The clever thing is that Rebek spends little time constructing these molecular cages—they do it themselves. Rebek supplies the scaffolding— enjoined rings of atoms that can be prepared from fairly uncomplicated chemical recipes. Then, chemical attractive forces glue the pieces of the cage together, in much the same way as the seams of a softball are stitched together. The cages are ideal reaction centers. Rebek traps other chemicals inside the cages, so these molecules are forced to touch each other and then react. As the reaction proceeds, the products are also trapped inside, and they can be extracted later. The process is a lot like what happens with enzyme-catalyzed reactions, in which the key job of the enzyme is in positioning the reacting chemicals side by side in close proximity. In addition to acting like enzymes, molecular cages—which can be formed repeatedly and reversibly—may find use as biological sensing devices, designed to detect only molecules that have a certain unique shape.
Pass the Chip, Please
COURTESY OF FRED REGNIER
But don't bother with the sour cream and onion dip. Because this isn't the potato kind, but rather a variety of chip that's made from silicon, plastic, and glass...the kind that fits easily between the tips of two fingers...the kind that contains a laboratory full of instruments! It's true—Purdue University chemist Fred Regnier has succeeded in creating such a "laboratory-on-a-chip" that contains expansive networks of miniature tubes and Lilliputian separation columns, all etched onto a dime-sized silicon wafer, via the same techniques used routinely to manufacture computer chips. Voltage applied to alternate ends of the chip channels a liquid sample throughout the tubing, where it then encounters various mini-instruments, such as dust particle—sized reaction vessels and single, hair-thin chromatography columns (chambers that separate components of a mixture).
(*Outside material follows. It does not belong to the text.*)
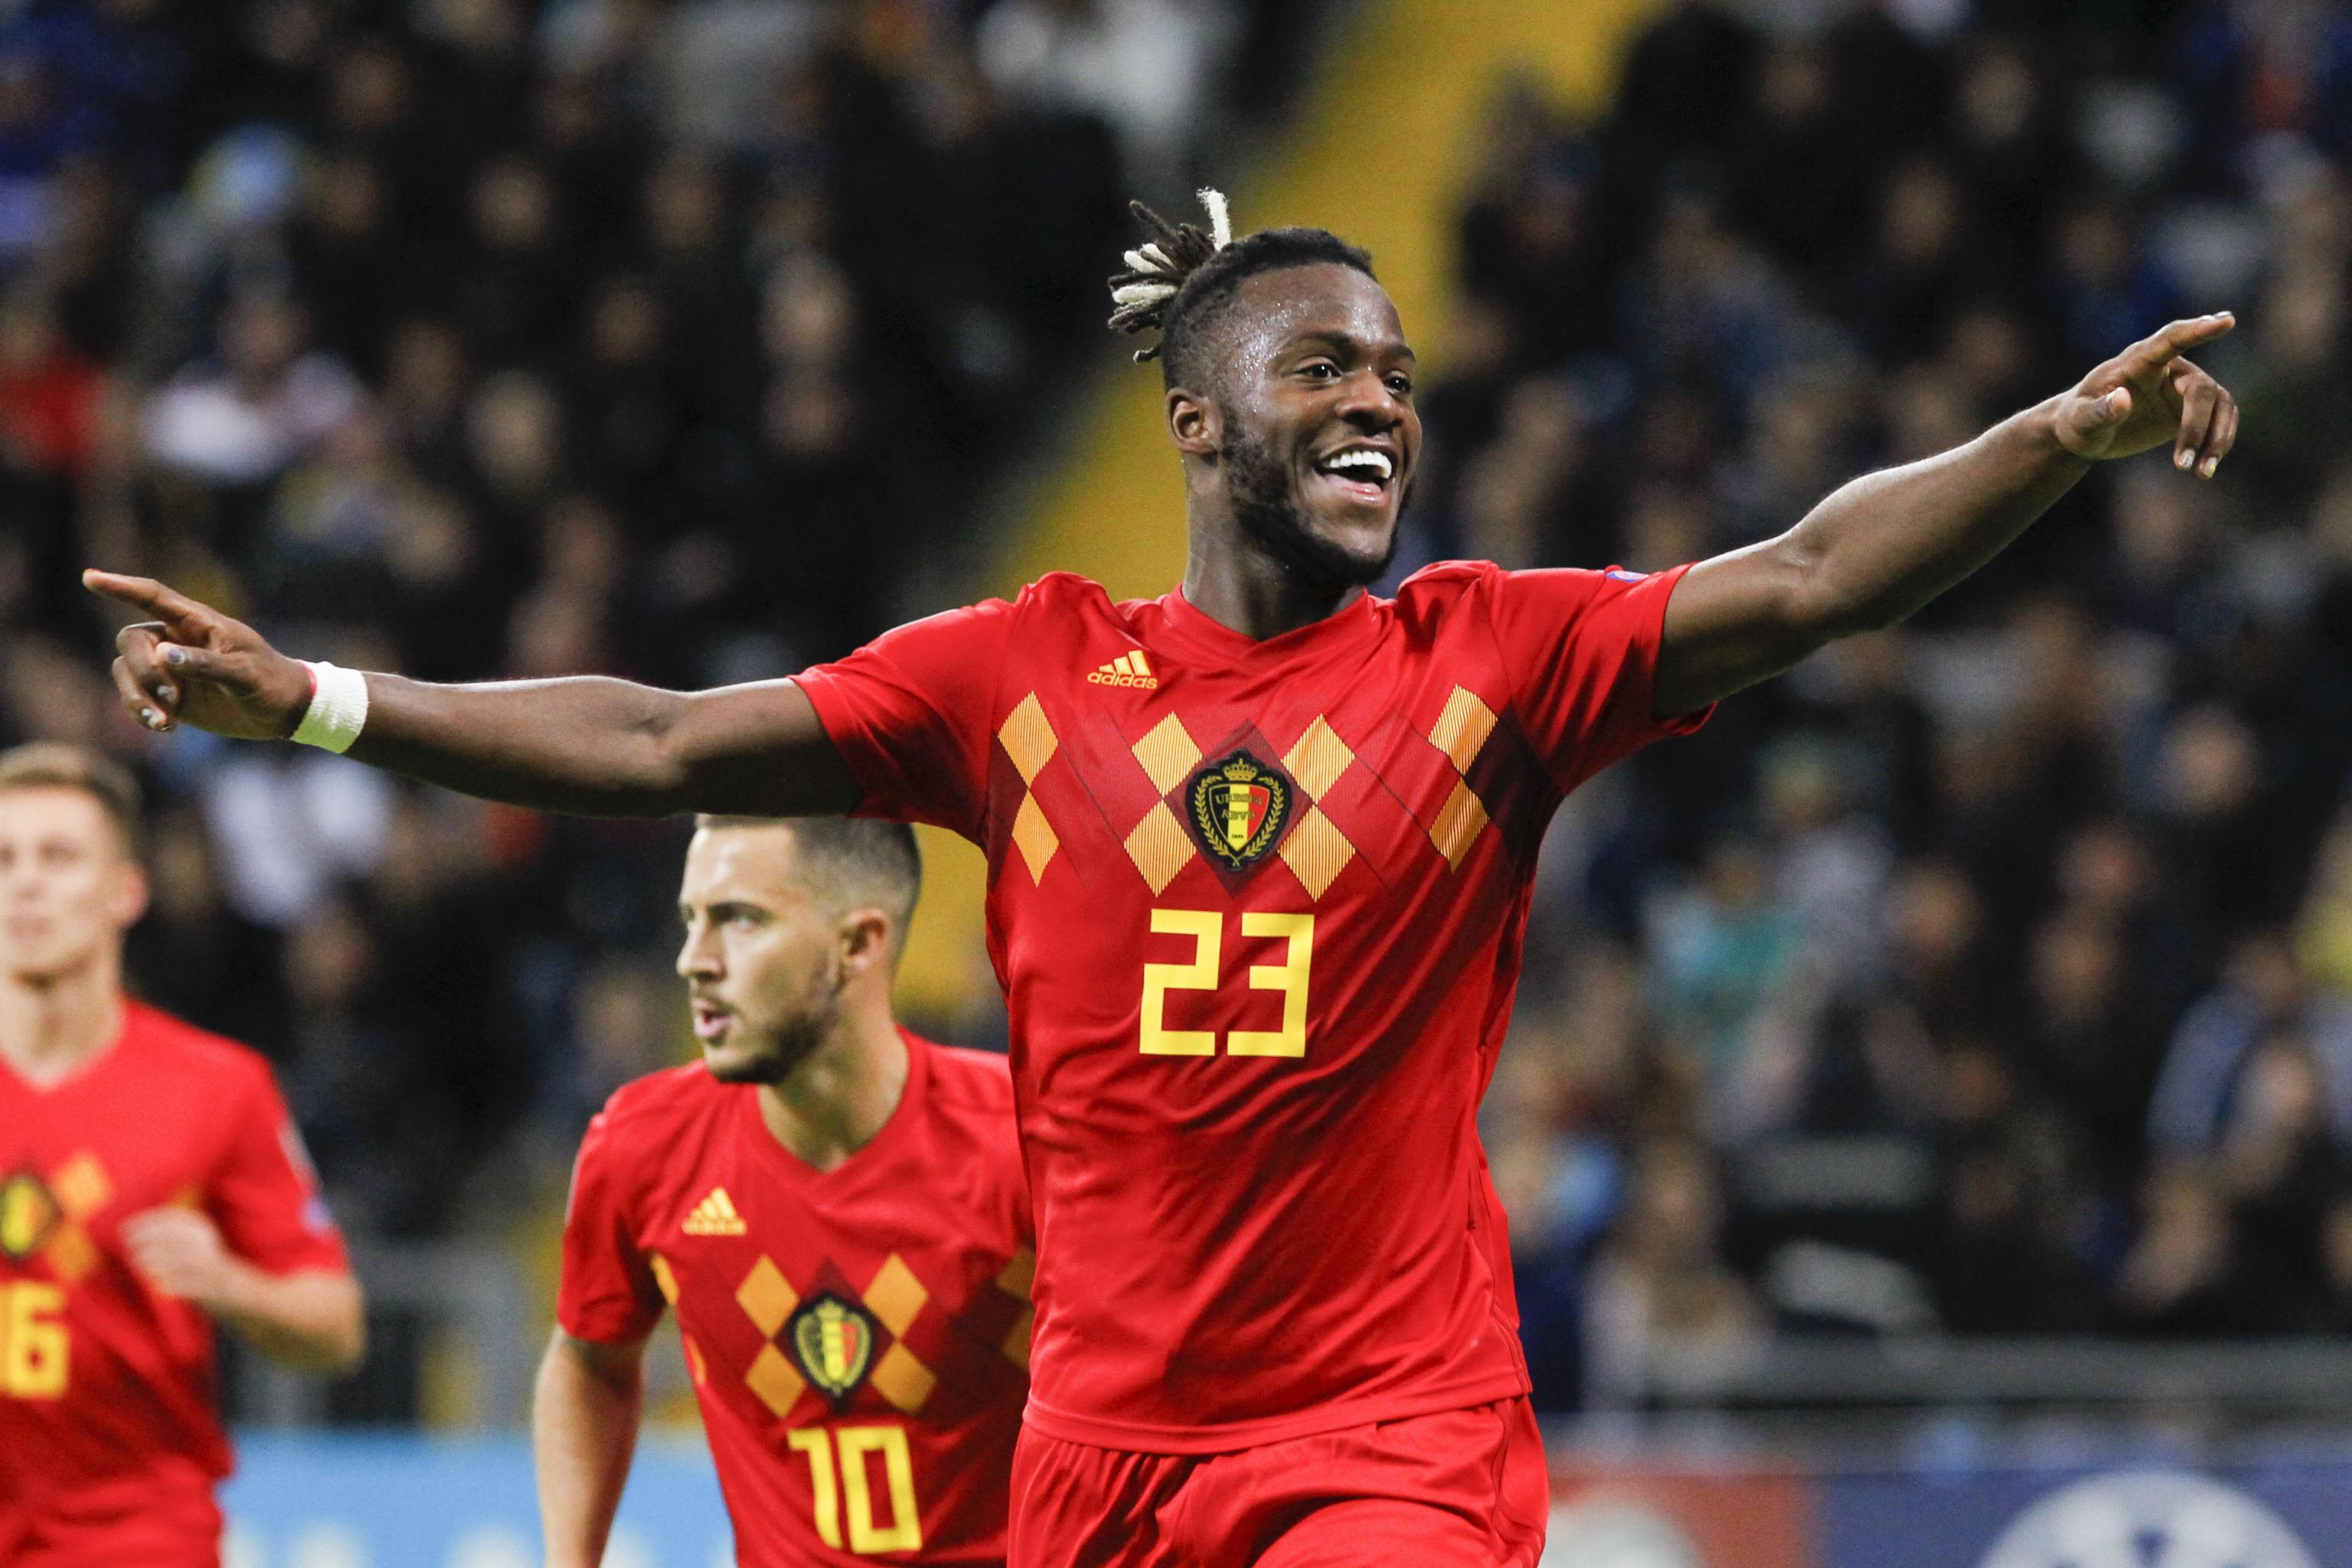 Michy Batshuayi Scores in Belgium's UEFA Euro 2020 Qualifying Win vs. Kazakhstan | Bleacher Report | Latest News, Videos and Highlights

The tiny chip-labs use far less starting material, requiring a millionth the amount of liquid compared to typically sized instruments-a quantity that equates to just a fraction of a drop. And besides conserving workspace, the chips also save time by permitting several experiments to be conducted at once rather than separately. Such properties could someday also make this technology ideal for measuring multiple components of a solution—cholesterol, sugar, and electrolytes in blood, for instance— in a doctor's office.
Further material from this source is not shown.